EXERCISE GOAL:
Give the listing again word for word, excluding the pictures it contains.

DATA EXTRACT:
----------------------------------------

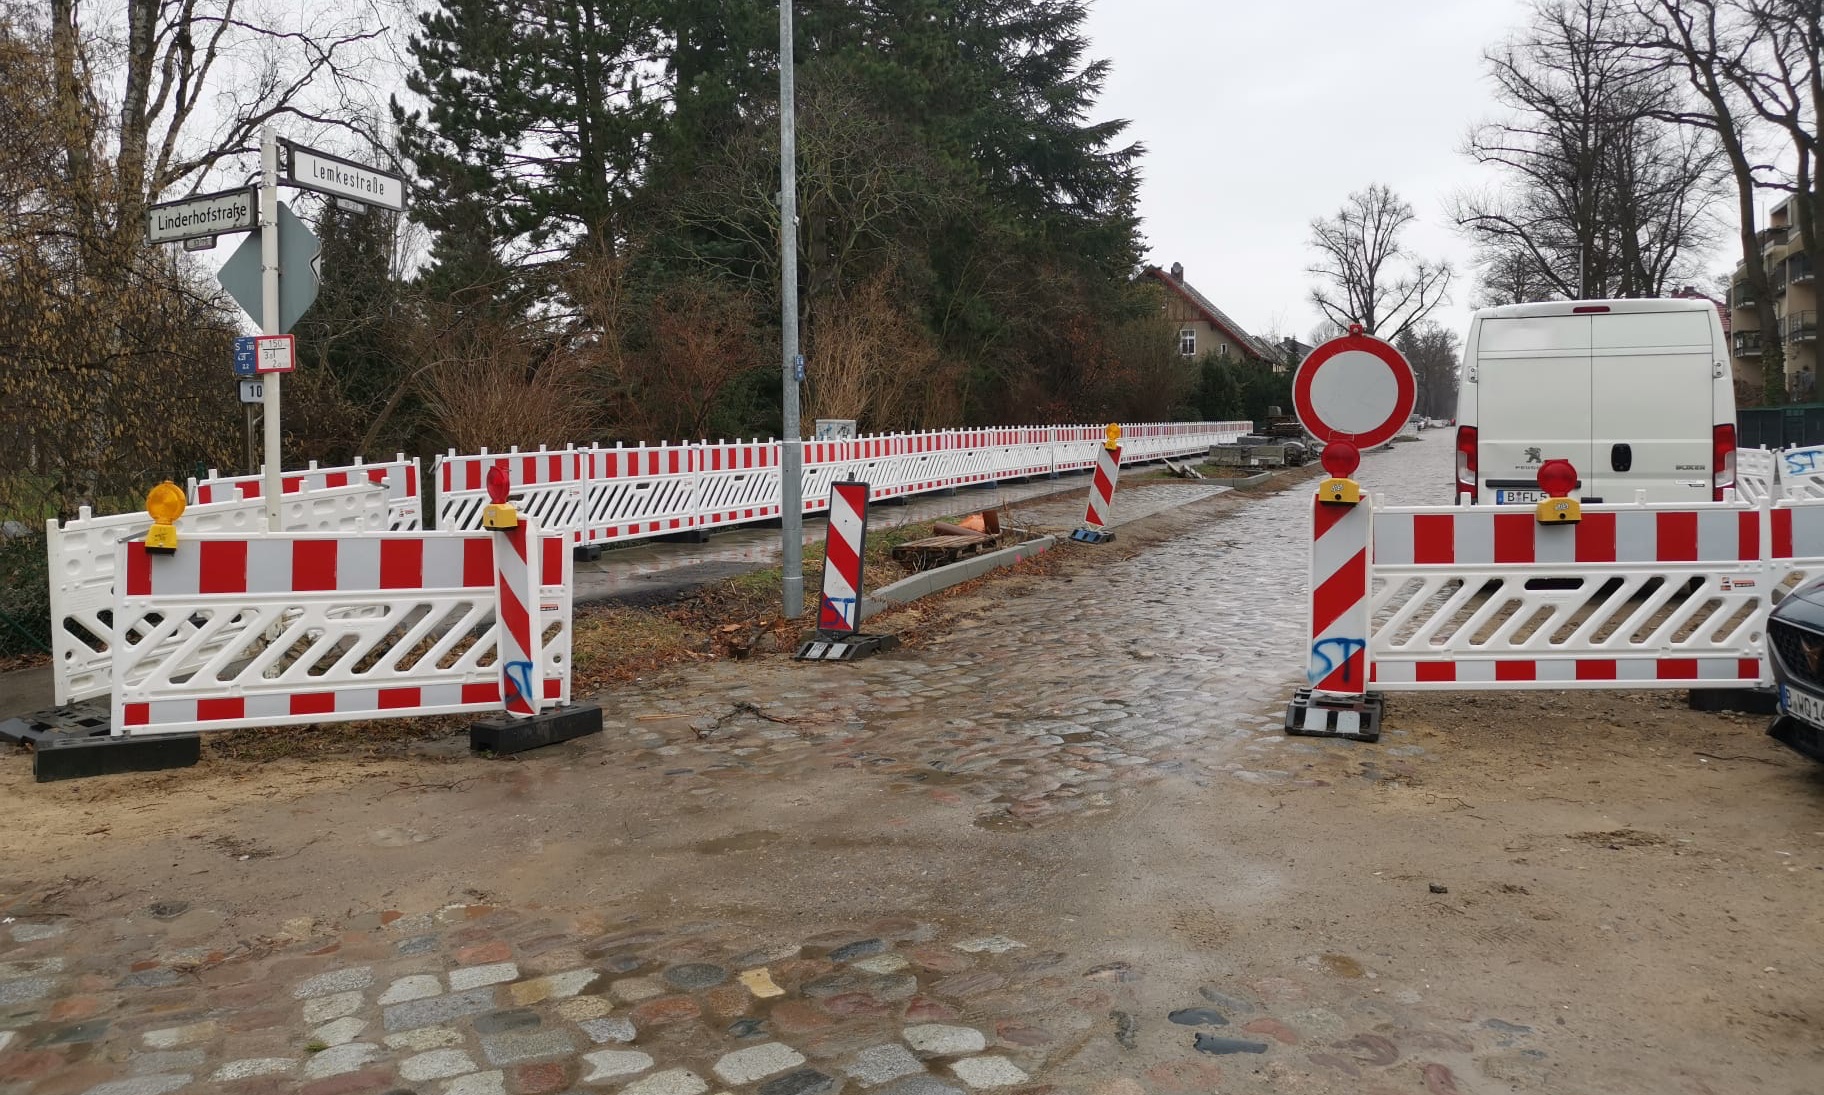 Update: Ausbau Lemkestraße
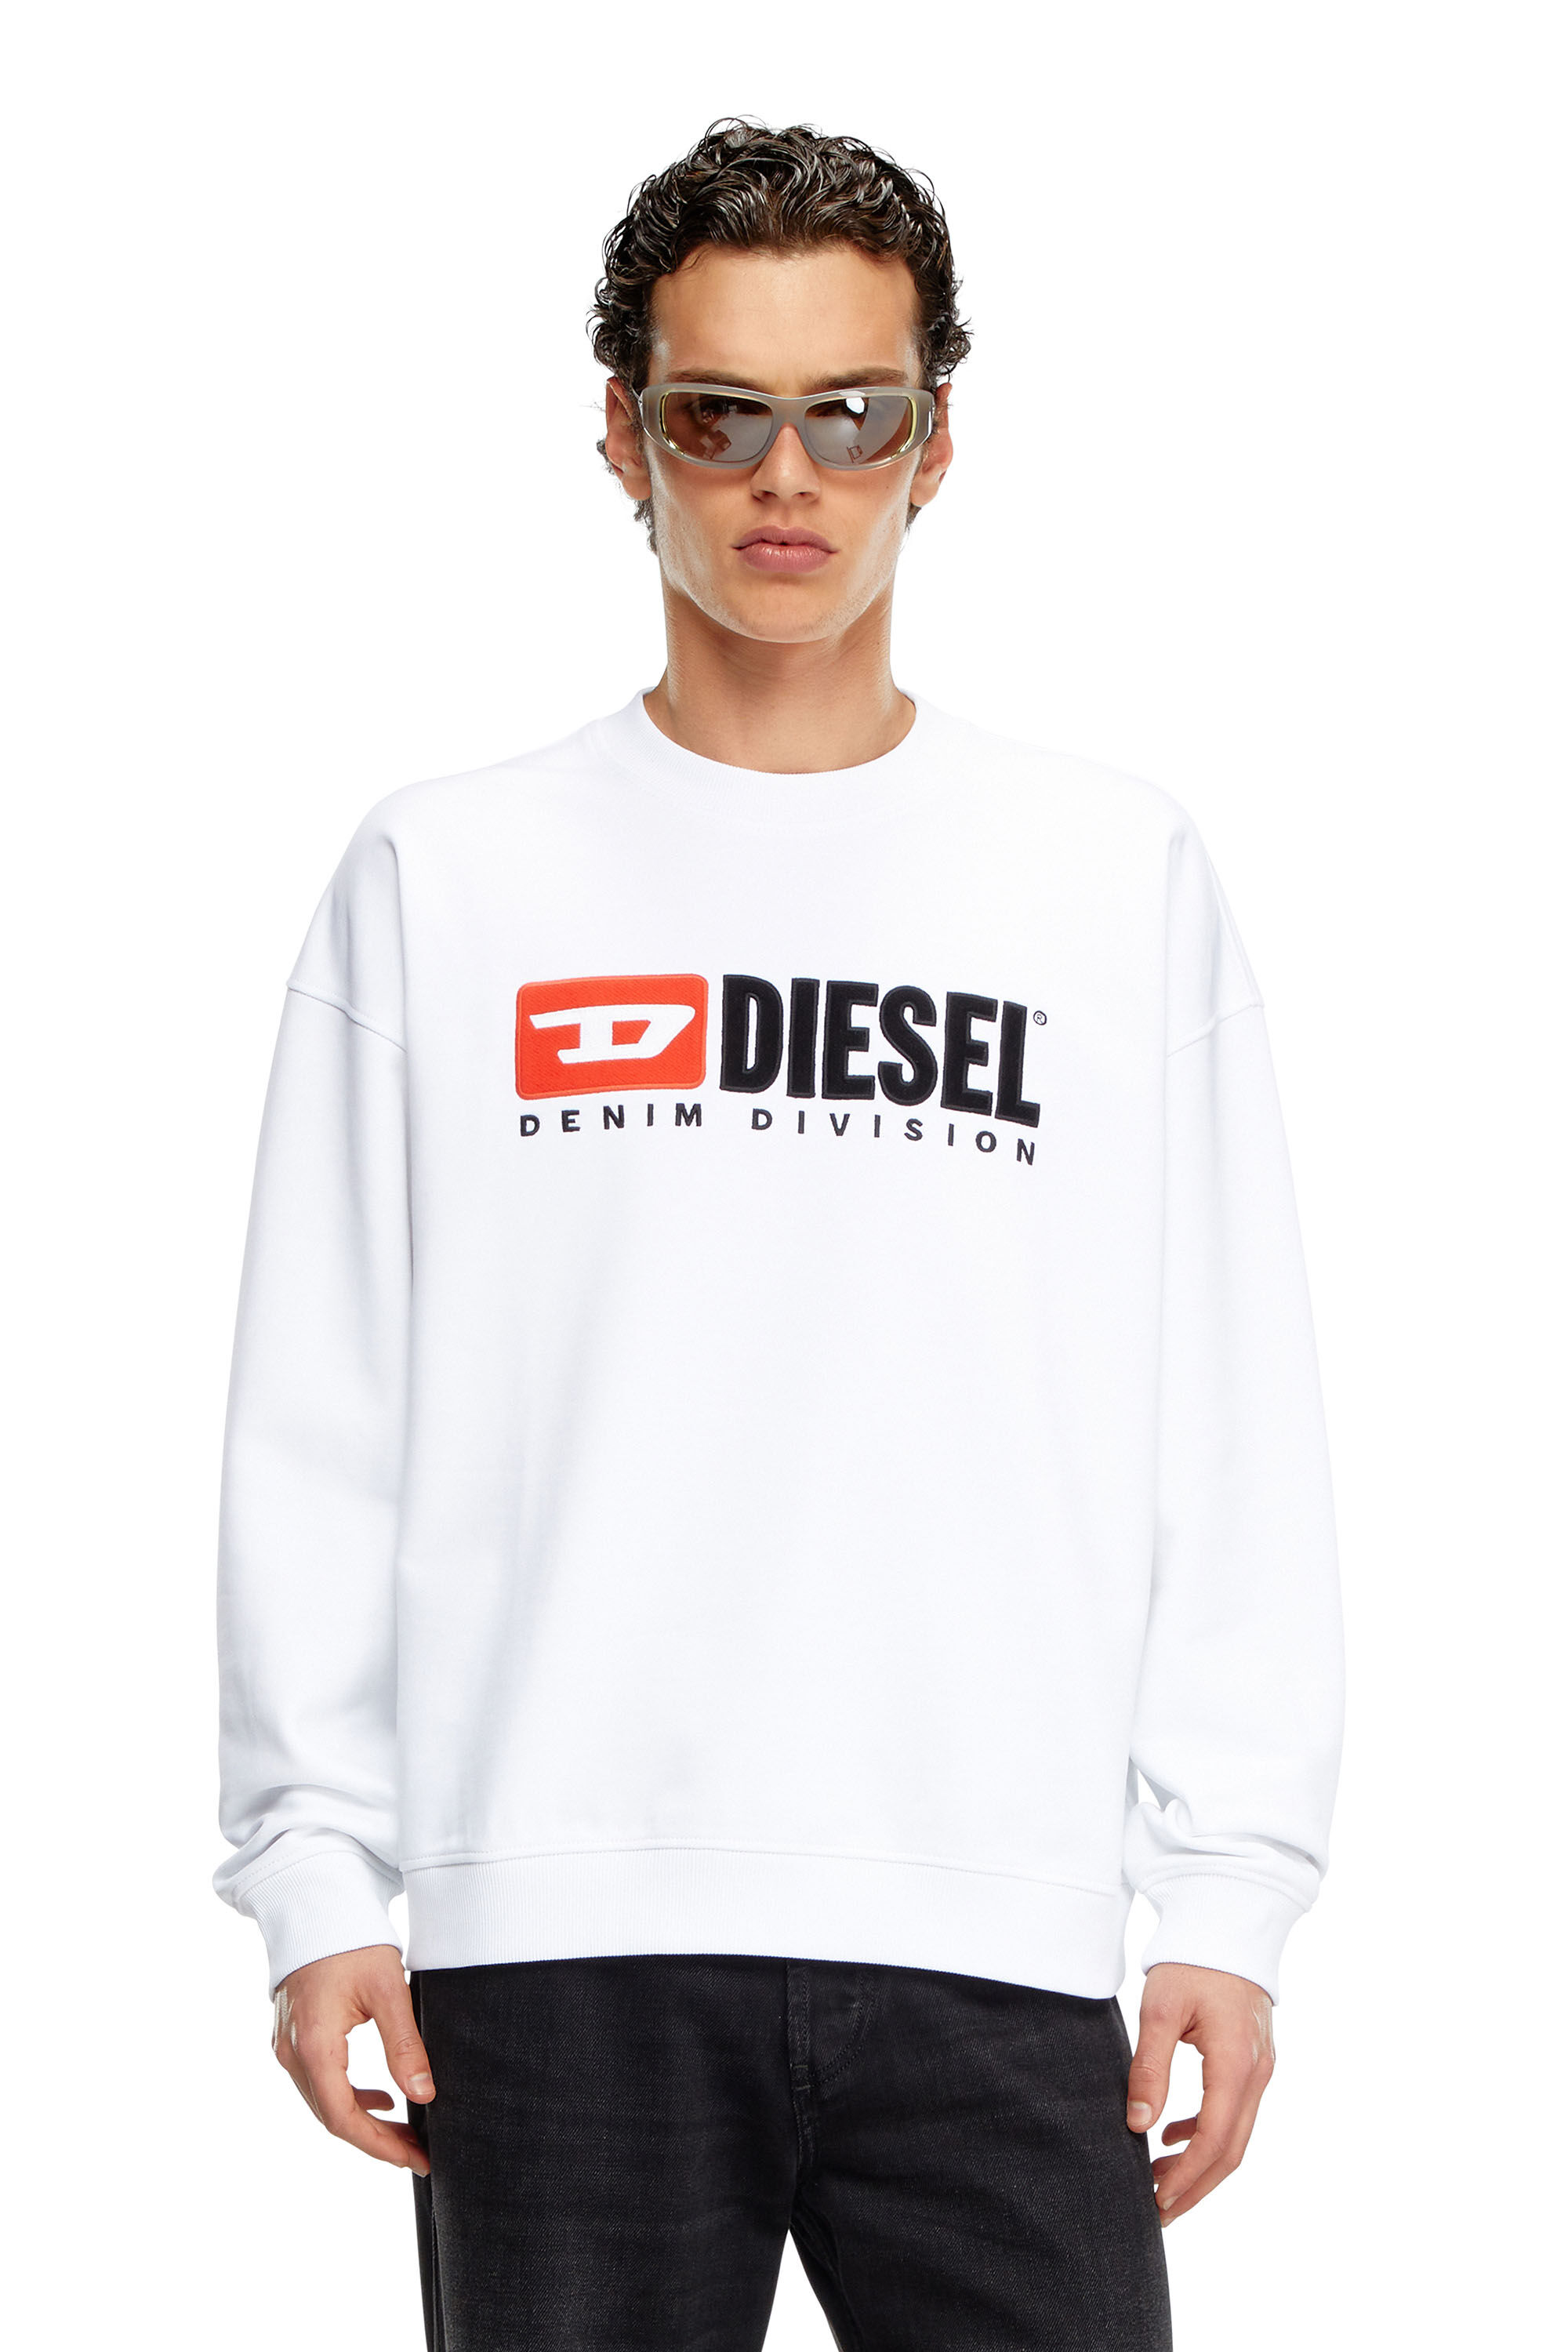 Diesel - S-BOXT-DIV, Hombre Sudadera con logotipo Denim Division in Blanco - Image 3
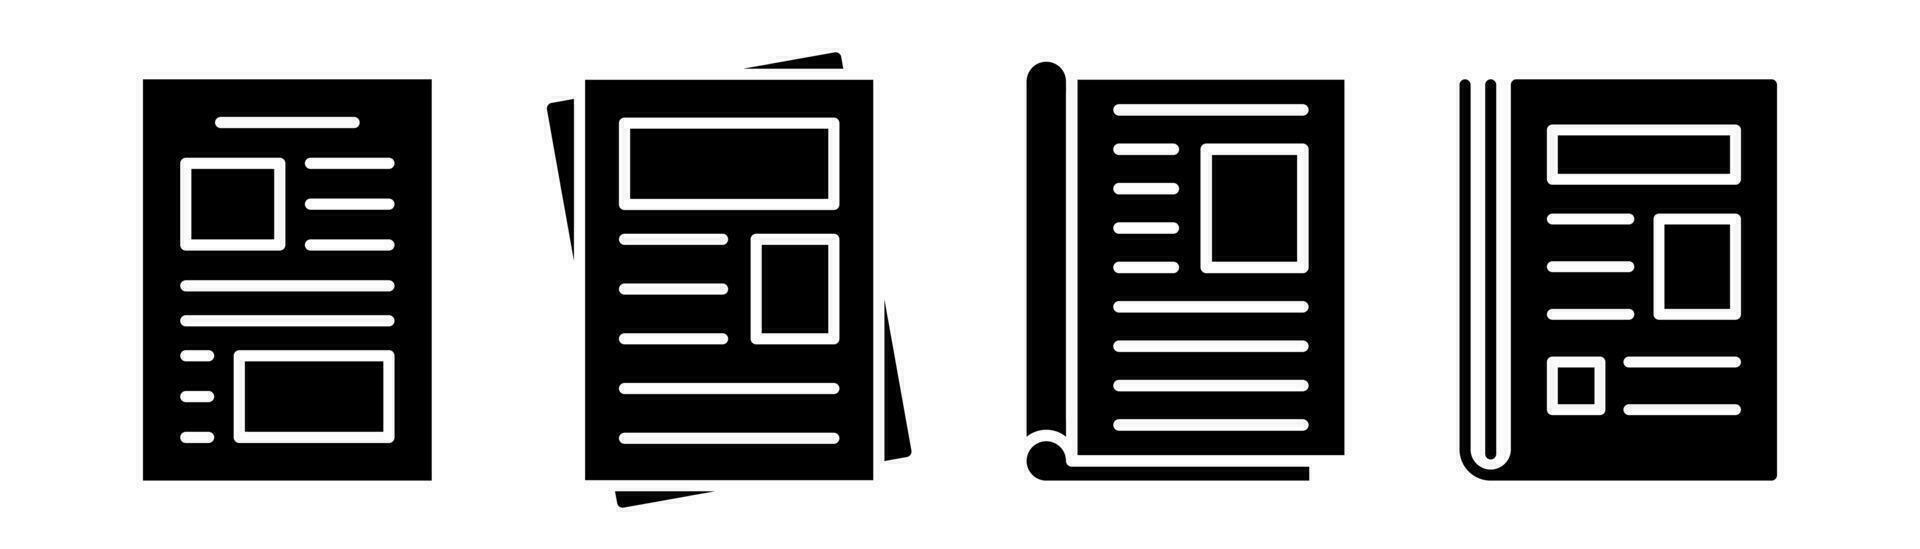 Newspaper icon set. Journal sign in glyph. Black newspaper icon. Magazine icon in glyph. Document symbol. Newspaper in black. Stock vector

----------------------------------------

RESPONSE AREA:
 Update: Ausbau Lemkestraße
 Diesel - S-BOXT-DIV, Hombre Sudadera con logotipo Denim Division in Blanco - Image 3
 Newspaper icon set. Journal sign in glyph. Black newspaper icon. Magazine icon in glyph. Document symbol. Newspaper in black. Stock vector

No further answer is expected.